[[ Data shown, beginning ]]

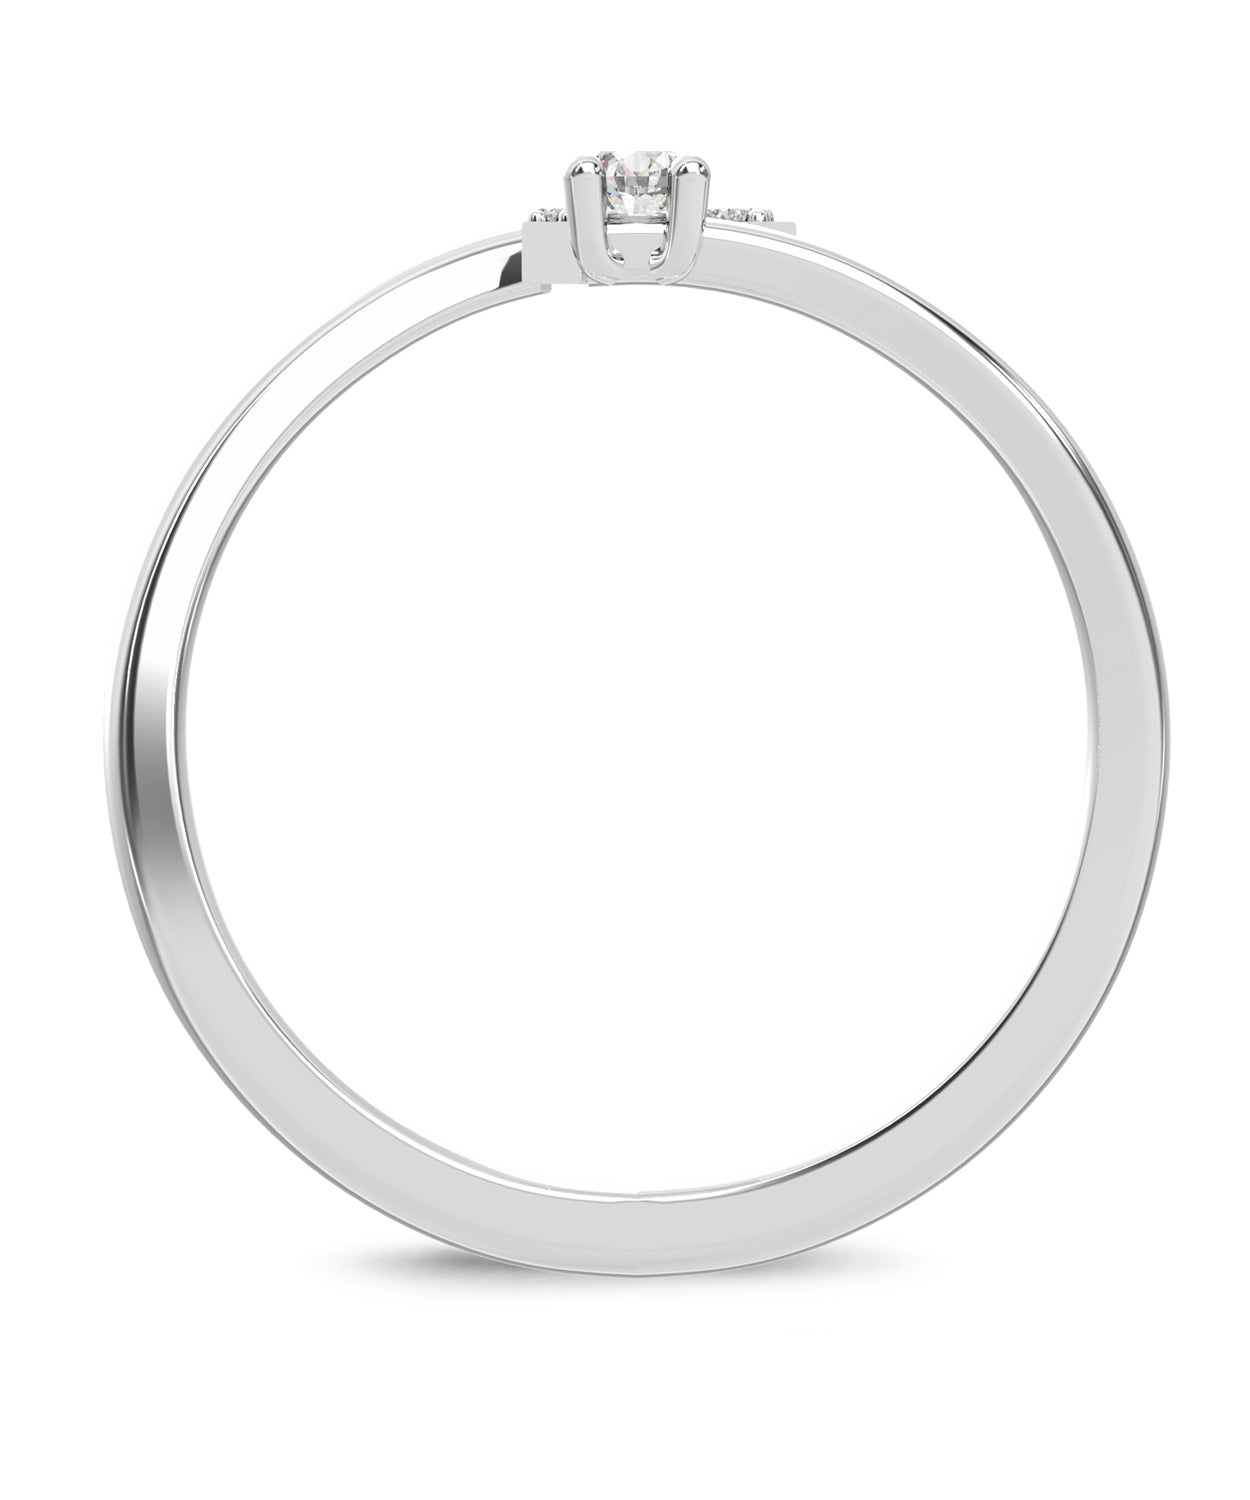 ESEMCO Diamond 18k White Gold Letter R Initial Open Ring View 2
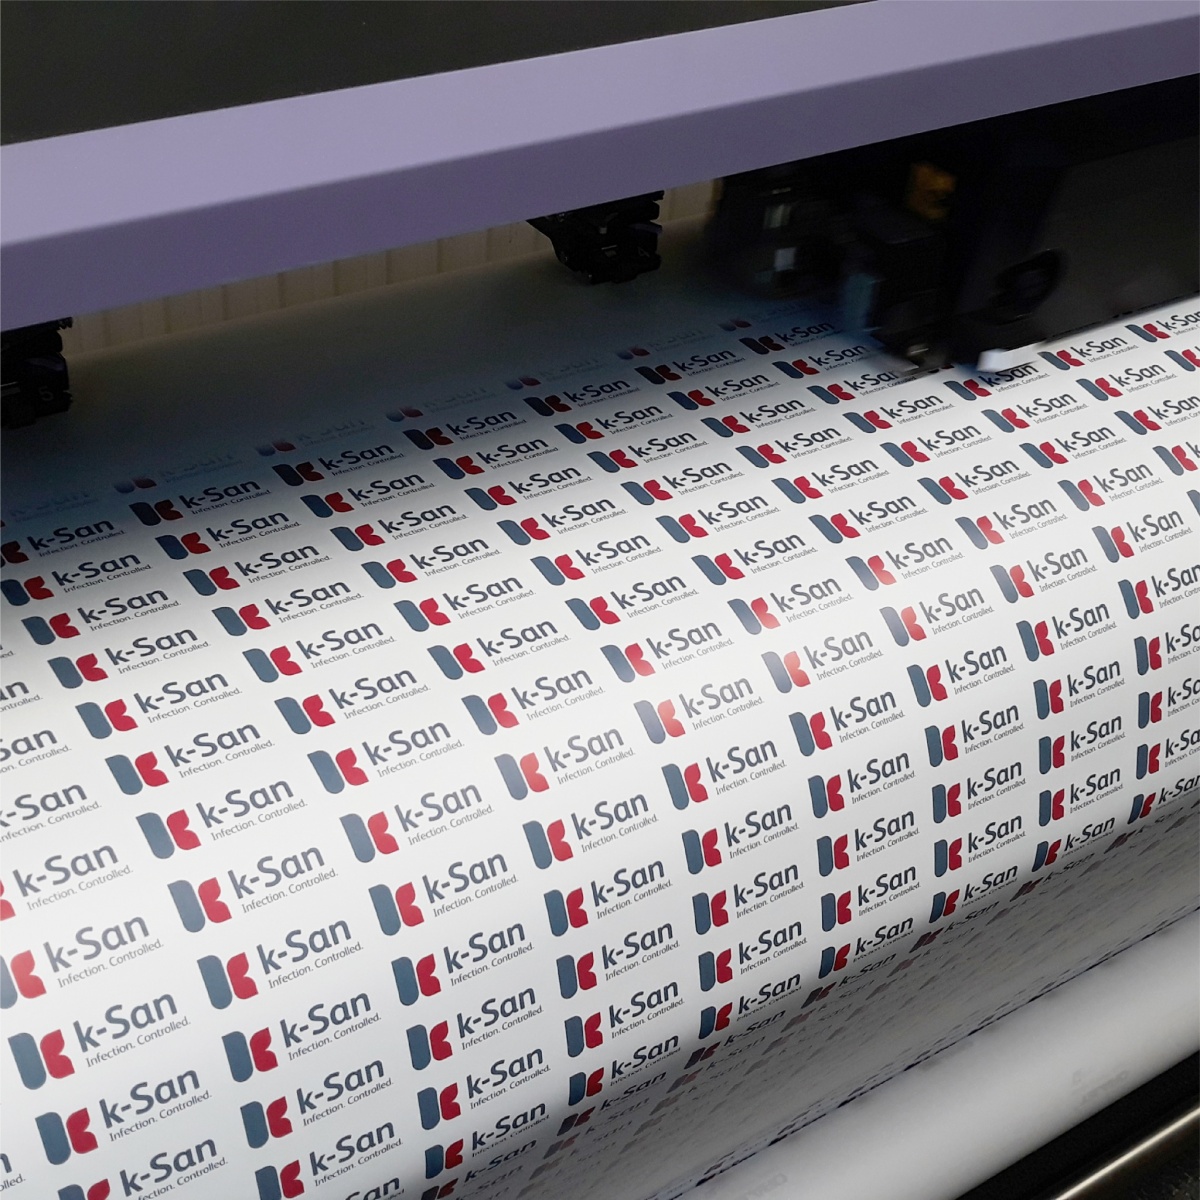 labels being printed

[[ Data shown, end ]]
[[ Data shown, beginning ]]

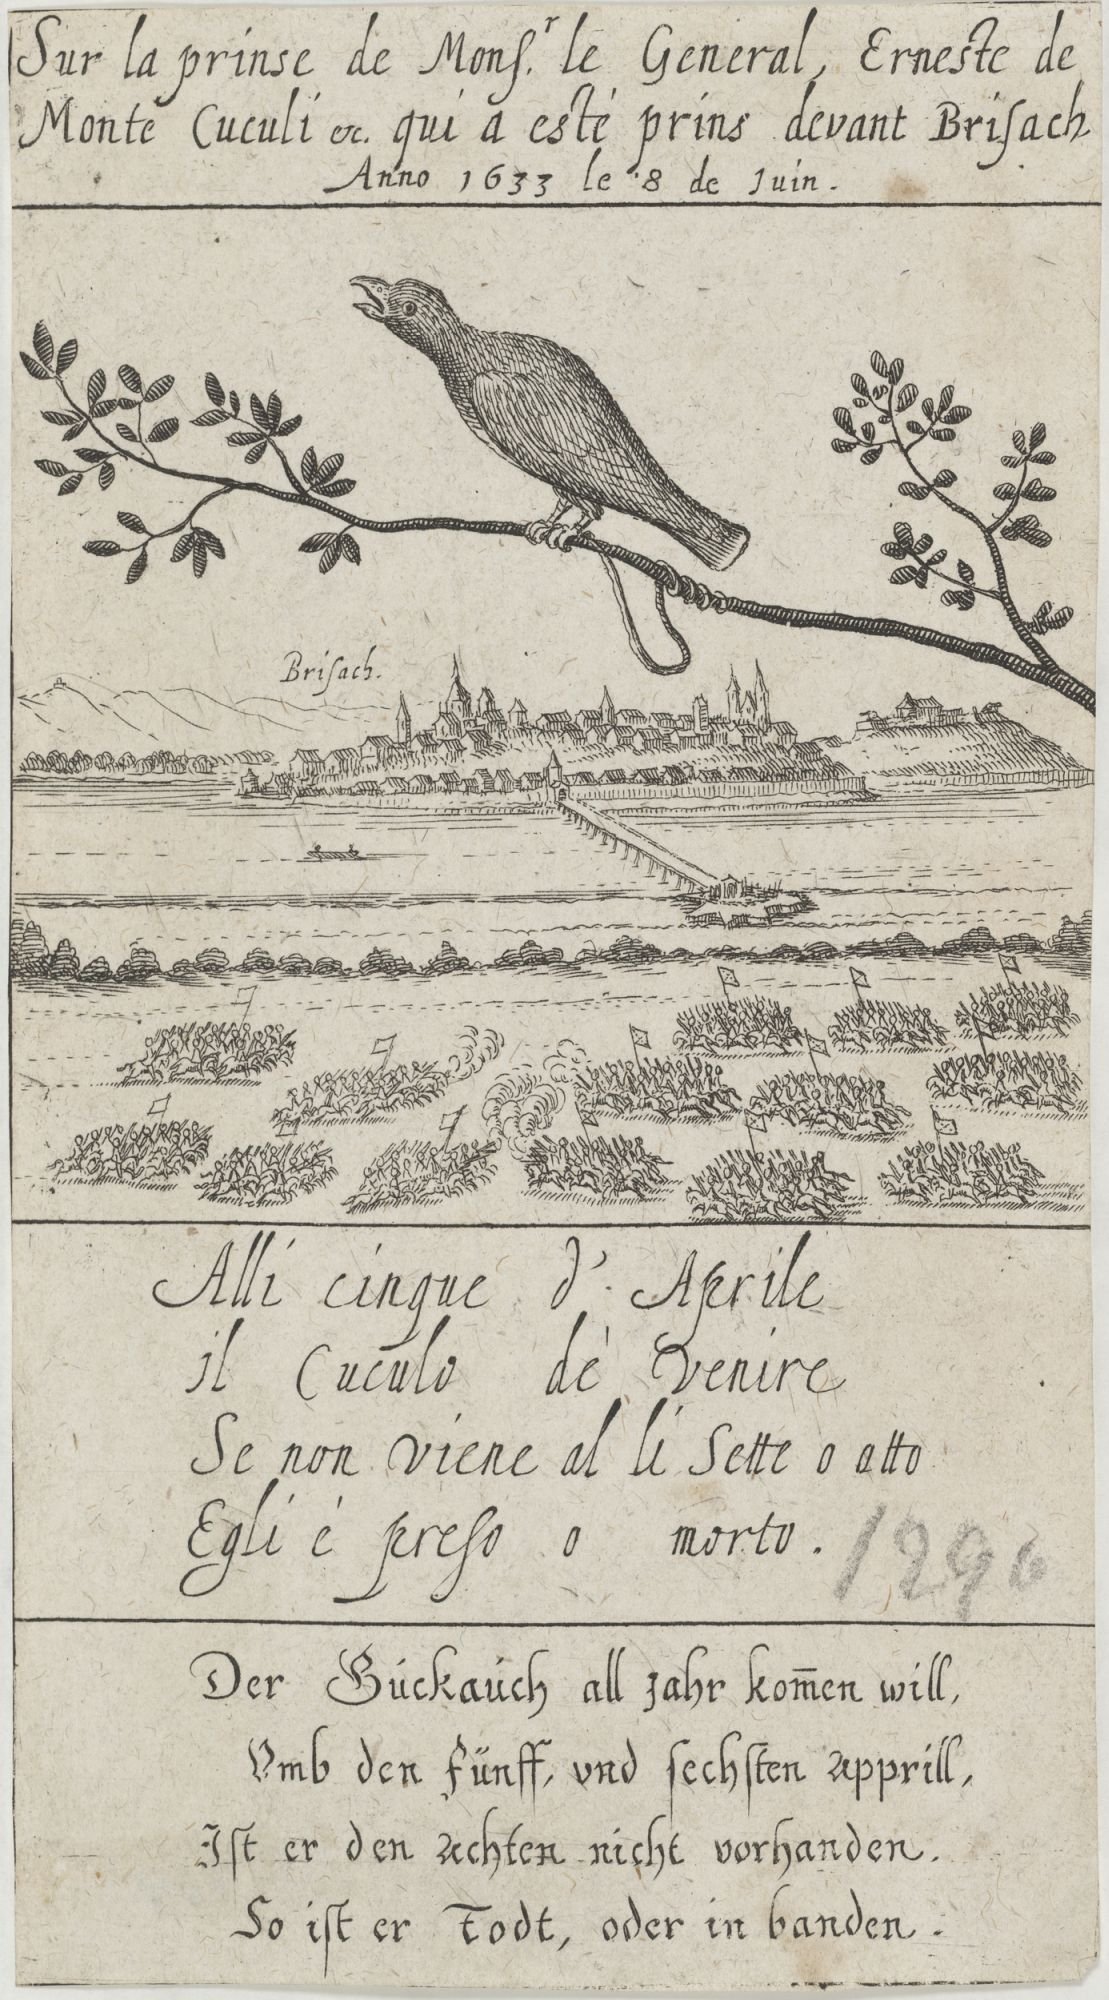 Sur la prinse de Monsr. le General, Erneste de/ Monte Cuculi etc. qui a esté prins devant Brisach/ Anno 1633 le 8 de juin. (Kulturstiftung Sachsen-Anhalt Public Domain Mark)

[[ Data shown, end ]]
[[ Data shown, beginning ]]

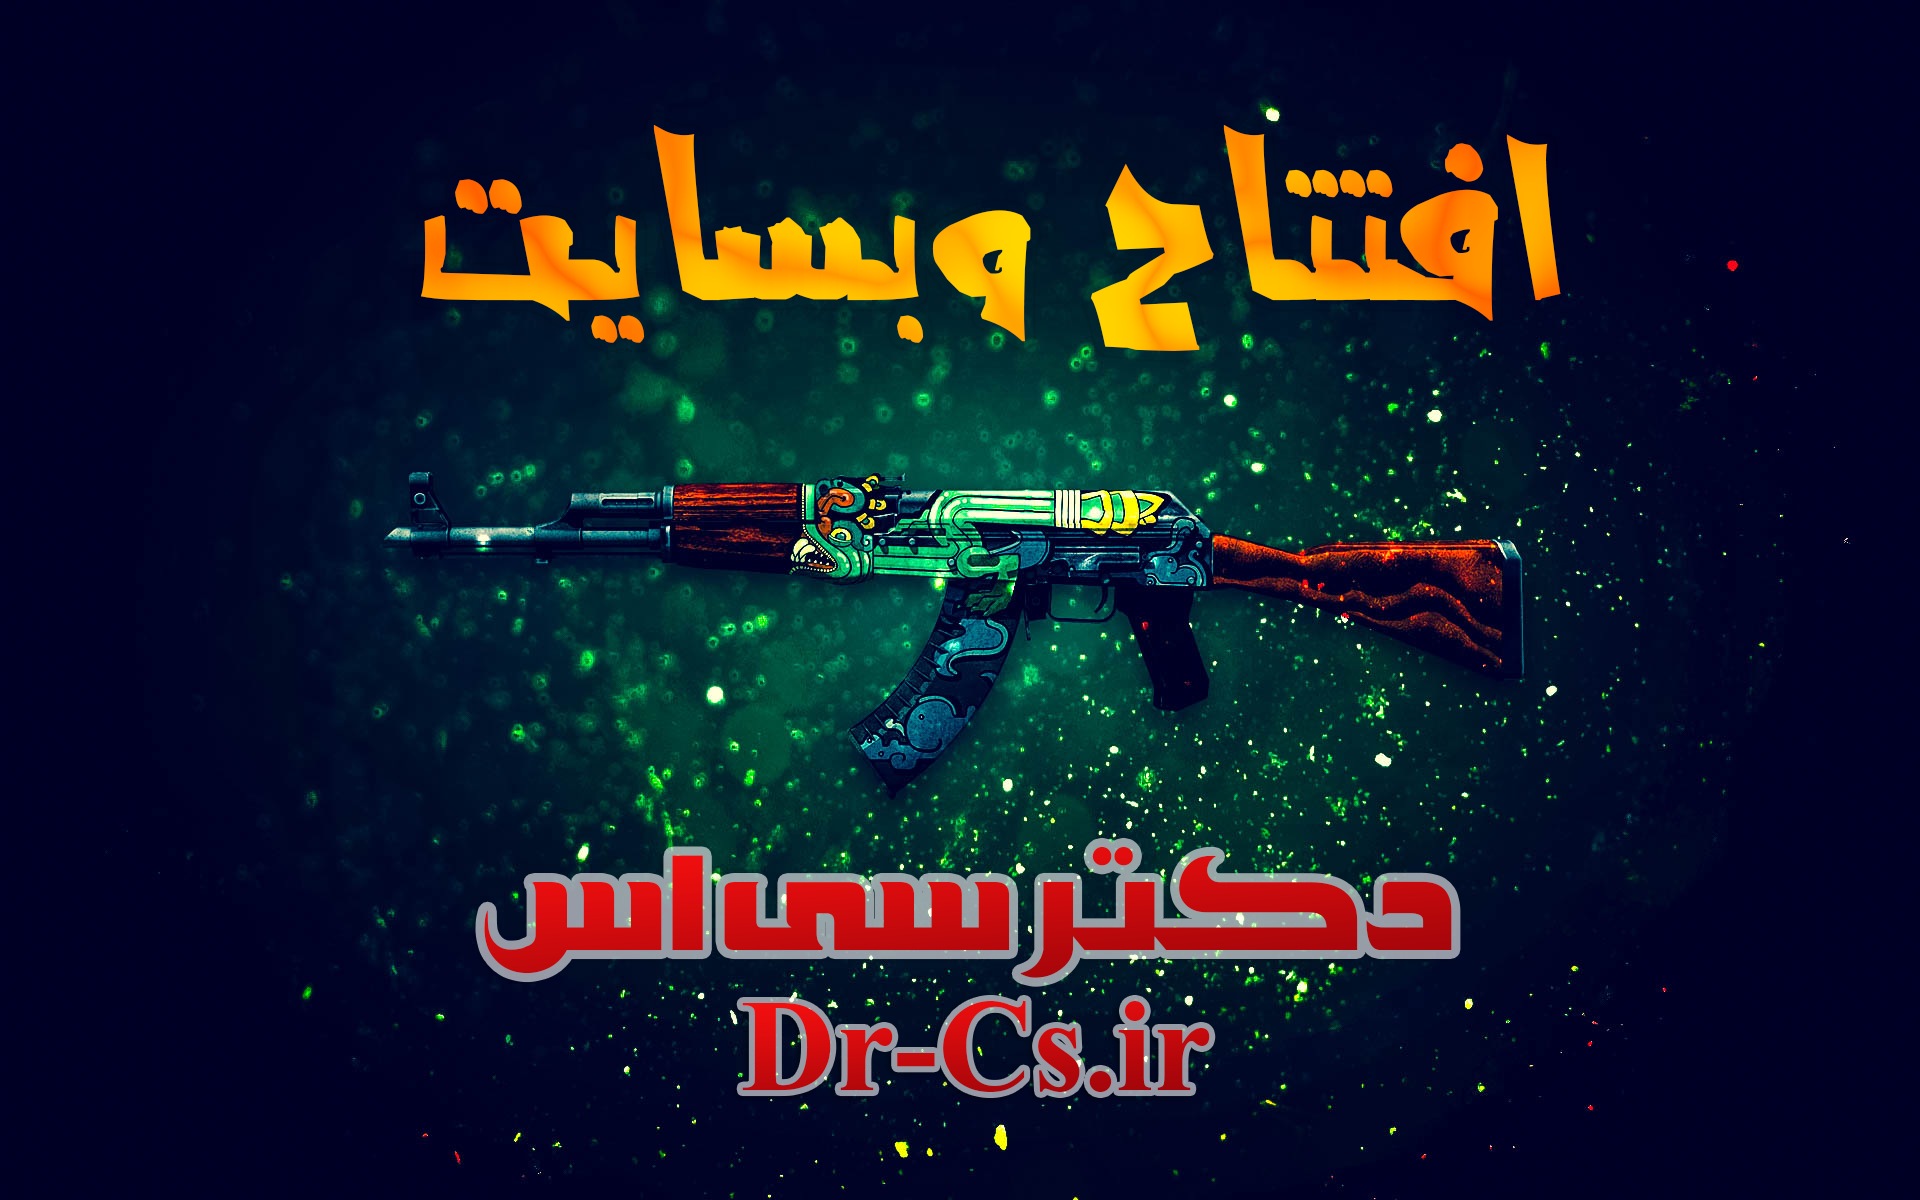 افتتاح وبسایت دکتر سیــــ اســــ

[[ Data shown, end ]]

Problem to solve
The answer is those lines of the material above that run from the one containing "ESEMCO Diamond 18k" up to and including the one containing "labels being printed", restated exactly and without images.

Solution
 ESEMCO Diamond 18k White Gold Letter R Initial Open Ring View 2
 labels being printed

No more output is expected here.